Precisamente la debilidad de su picheo es la principal grieta que tiene el equipo cubano para rebasar la primera fase, pues tendrá que utilizar entre cuatro y cinco tiradores en cada desafío para no agotar a los abridores, Entre los 16 lanzadores del staff faltan figuras de nivel para poder frenar el bateo de los adversarios.
Con las limitaciones apuntadas y el escaso período de acople entre sus integrantes, sería realmente una proeza que Cuba pasara a la fase de cuartos de final en Houston, en la que parecen clavados México y Estados Unidos, favorito de precompetencia por el soberano trabuco que han logrado aglutinar para esta edición.
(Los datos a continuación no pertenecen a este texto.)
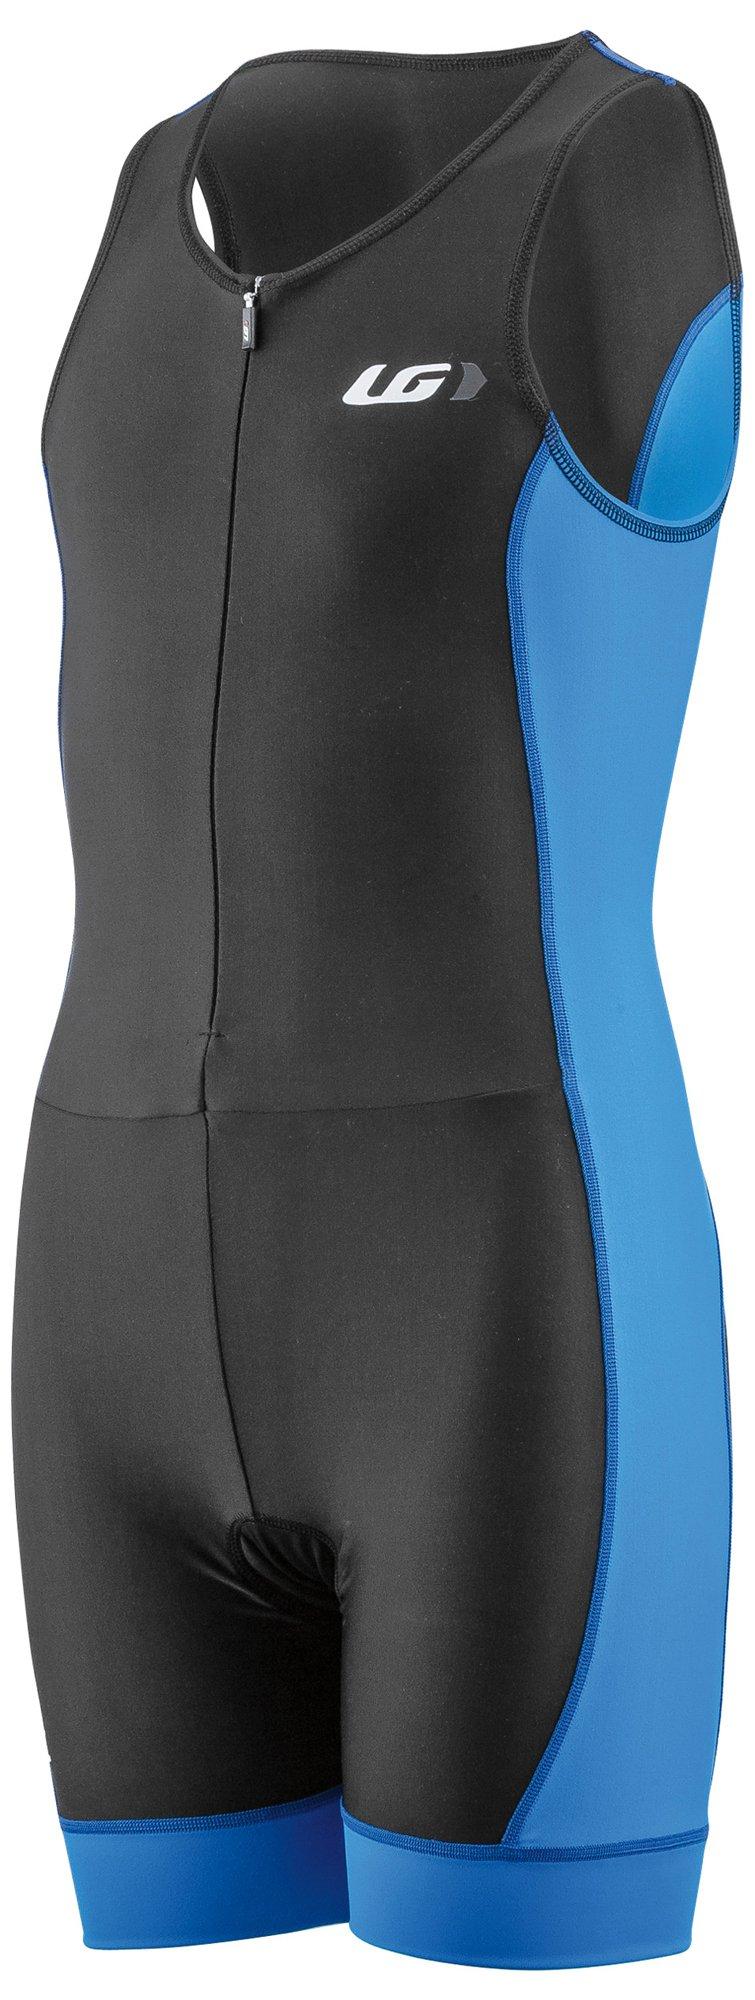 Louis Garneau Kids Comp 2 Sleeveless, Padded Triathlon Cycling Suit, Curacao Blue, Junior X-Small

Los rivales más poderosos parecen ser Canadá, repleto de figuras de Grandes Ligas aun cuando no estará con ellos el espectacular Freddie Freeman, y Puerto Rico por su condición de anfitrión, aunque no se puede descartar a Colombia,. cuyo béisbol vive momentos de consistente escalada.
Cuba se ubica actualmente en el puesto 10 del ranking internacional y todos los indicadores recientes reafirman que ese es el estado real de su béisbol, estacando con respecto al avance técnico y la difusión que la disciplina ha tenido en el ámbito global durante las últimas décadas.
Los dos partidos de preparación en Arizona servirán de buen termómetro para medir el nivel competitivo de los cubanos. Ojalá el equipo saque fuerzas y gallardía para imponerse en Puerto Rico y pasar como segundo de grupo. Sería una gratísima sorpresa.
Como se sabe, las retribuciones económicas para los equipos participantes han crecido notablemente, lo cual es un incentivo para el mejoramiento cualitativo del torneo. En total se repartirán $37 millones de dólares. Según el reglamento del WBC, de los $7.5 millones que obtenga el monarca, el 50% será repartido para la federación nacional del país y los peloteros recibirán unos $50,000 dólares cada uno. Los 20 equipos recibirán $750,000 dólares cada uno y $1 millón añadido si logran avanzar a cuartos de final, más la cantidad correspondiente por ganar cada desafío. Para los cuatro equipos que se metan en semifinales habrá $1.25 millones adicionales.
Si tomamos en cuenta que en la edición de 2023 el titular recibió $3 millones de dólares y que ahora el incremento supera los $4 millones, estaremos de acuerdo en que el Clásico Mundial está logrando capitalizar intereses sustanciales cuando se acerca a su mayoría de edad.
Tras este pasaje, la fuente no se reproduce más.